Лютов словно и вправду ломал Бекбулатку даже не наложением а мановением рук, даже и не ломал, а вытягивал жилы, и теперь уже даже слова пояснений казались заклятьями, но, конечно, не в них было дело, а в боли… Лютов был ее полным хозяином. Лютов знал, где нажать, где склещить свои пальцы на руках человека, который, казалось, был намного сильнее его. Только боль понимал Бекбулатка, все уродливее и бесстыднее открываясь для этой учебной, показательной смерти и как будто уже и желая ее, хоть бы и настоящей, как единственного избавления.
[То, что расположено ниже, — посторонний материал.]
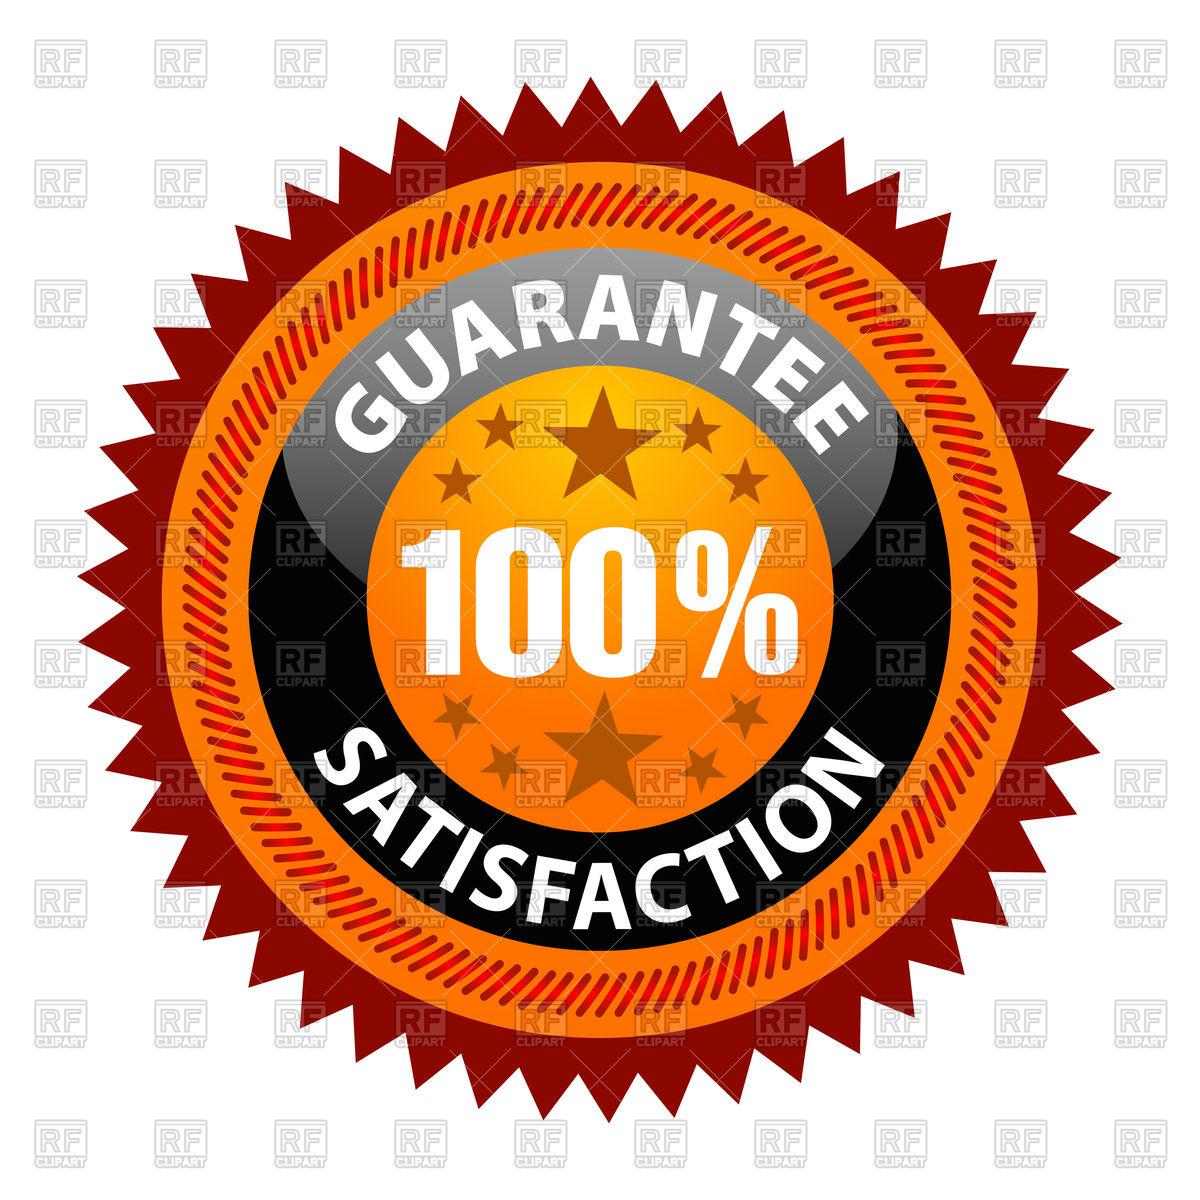 1200x1200 100% Satisfaction Guaranteed Label Vector Image Vector Artwork

— Там вон тир, — показал Лютов за спину деревянным ножом, не отпуская перекрученную руку Бекбулатки. — Вспомним навыки. Двинули…
Потянулись за ним. На столах, на полу были тесно составлены вскрытые деревянные ящики. Источая густой, вязкий запах ружейного масла, отливая стальной синевою и масляной пленкой, в них рядами лежали автоматы Калашникова, как солдаты в строю, как младенцы в роддоме, как железные зерна в стручках. Рядом были разложены старые, потертые до голого железа разносортные стволы: укороченные, полномерные, со складными прикладами, с деревяшками, с пластиком, под различный калибр автоматы, винтовки, межеумочные карабины типа «Вепрь» и «Сайга»…
— Наши только шесть ящиков, и все, что россыпью, берите. В данном случае вас не касается, но вообще по возможности подбираем такой же калибр, как и у большинства, чтоб товарищи с вами могли поделиться патронами.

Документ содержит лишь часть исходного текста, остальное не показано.